▶ Supplied data
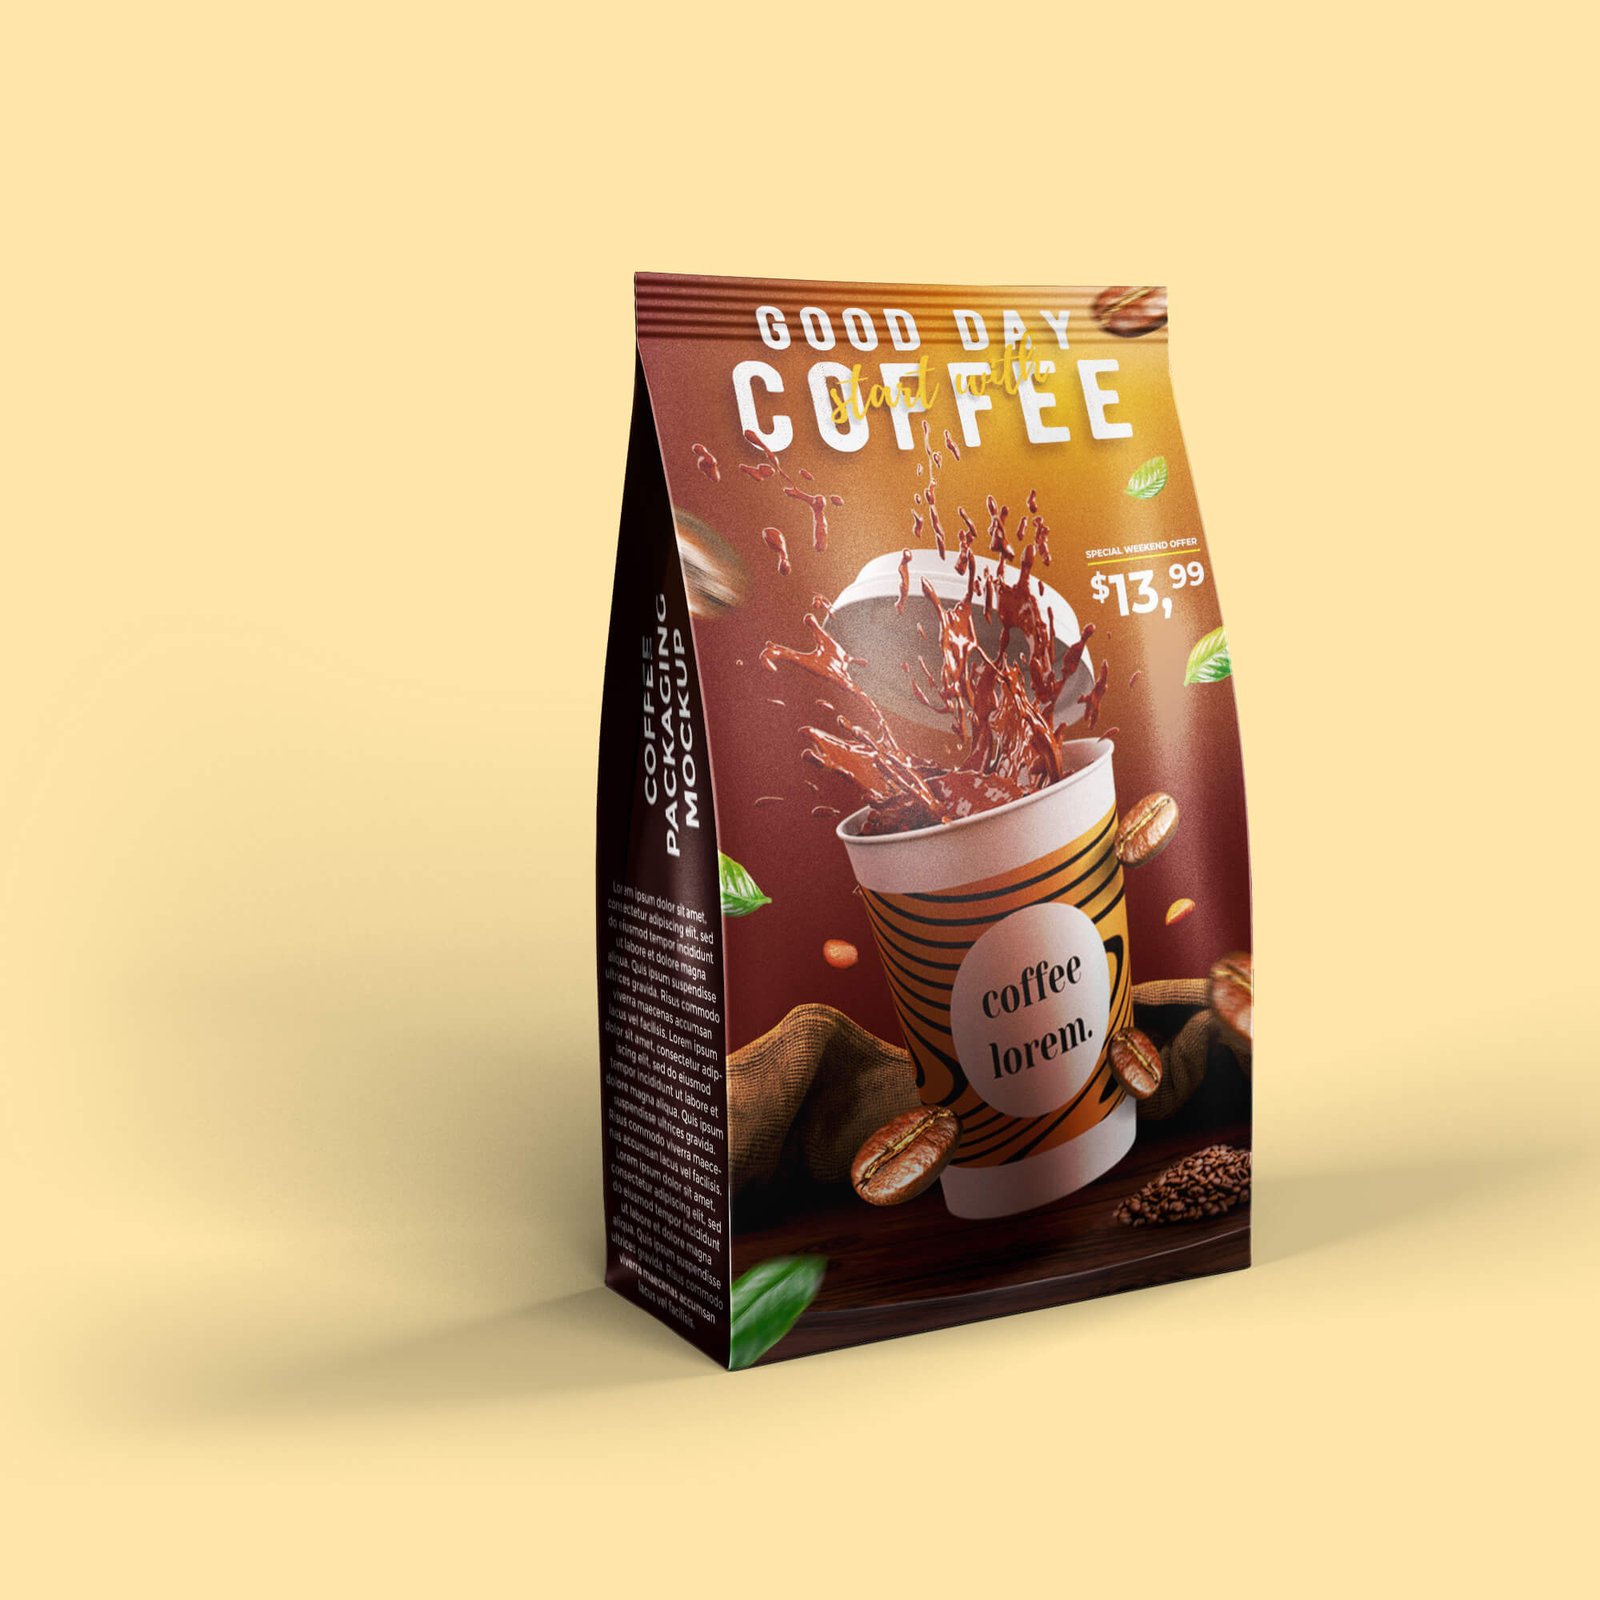 Design Free Coffee Packaging Mockup PSD Template (1)
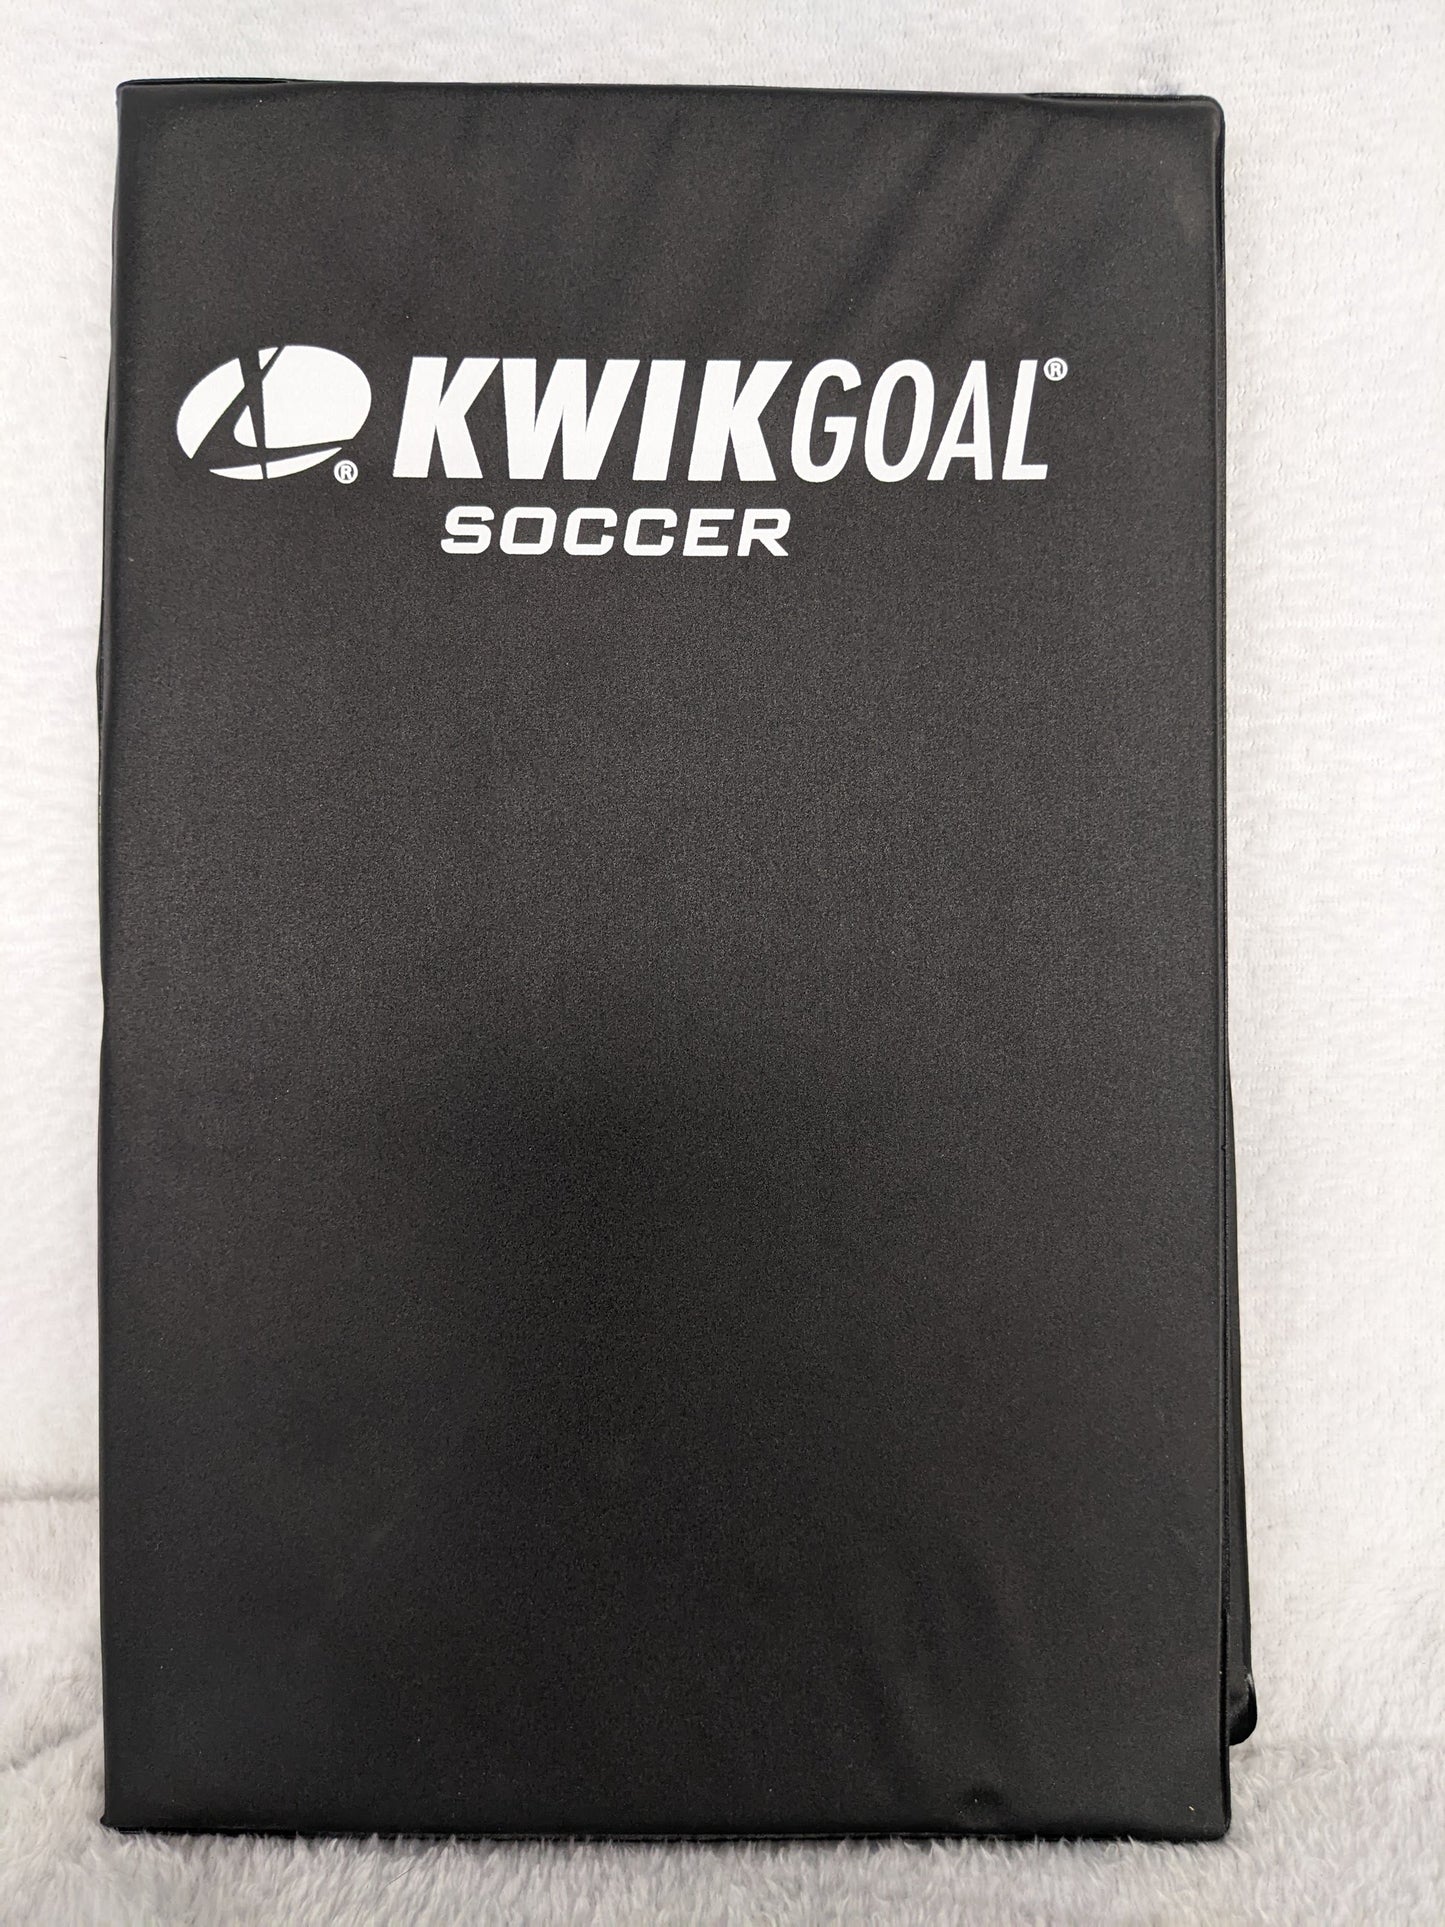 KwikGoal Coach's Dry Erase Board and Practice Session Planner Size 14 In x 9 In Color Black Condition Used
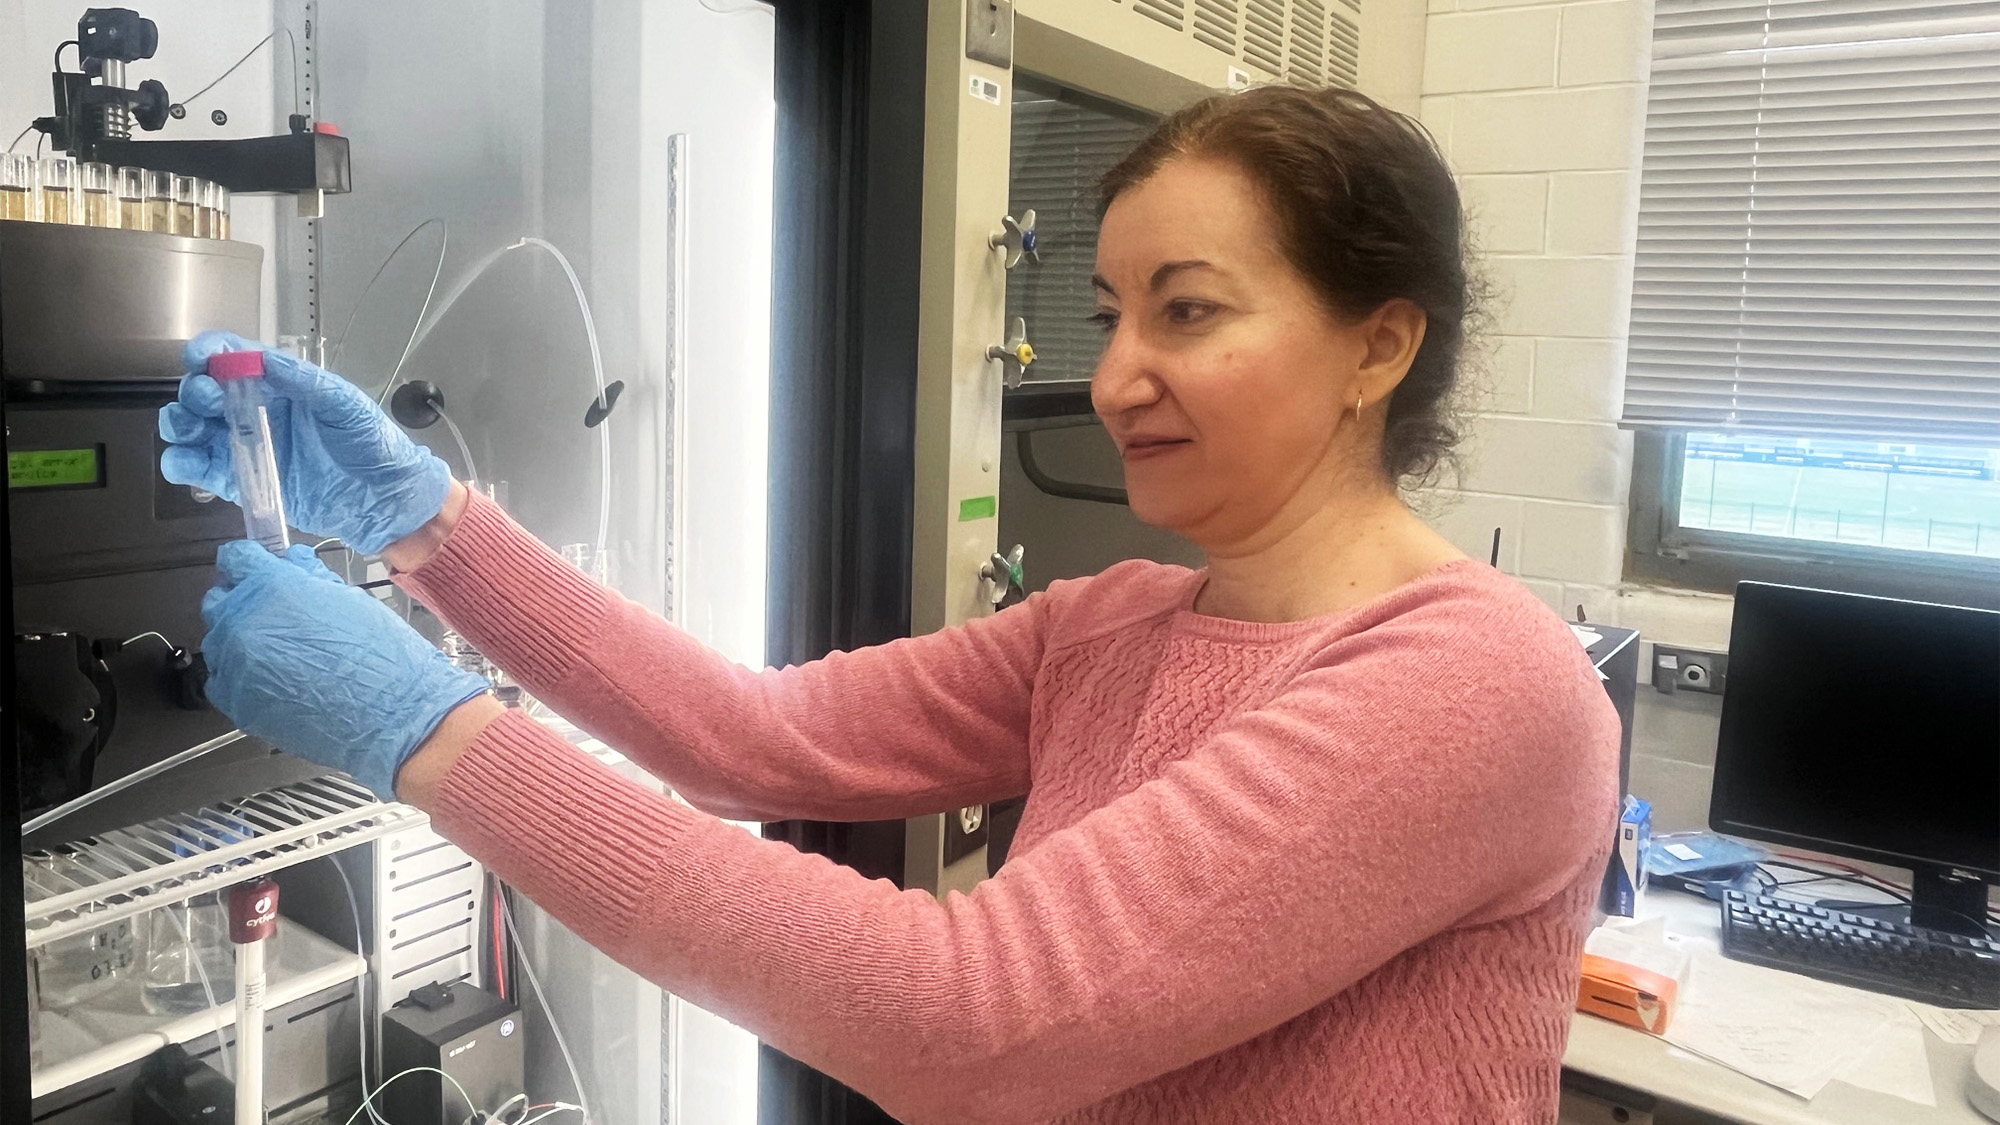 Dr. Brelidze works next to a hood in her lab

▶ Directions
Copy the material verbatim. The pictures are not part of the copy.

▶ Task output
 Design Free Coffee Packaging Mockup PSD Template (1)
 KwikGoal Coach's Dry Erase Board and Practice Session Planner Size 14 In x 9 In Color Black Condition Used
 Dr. Brelidze works next to a hood in her lab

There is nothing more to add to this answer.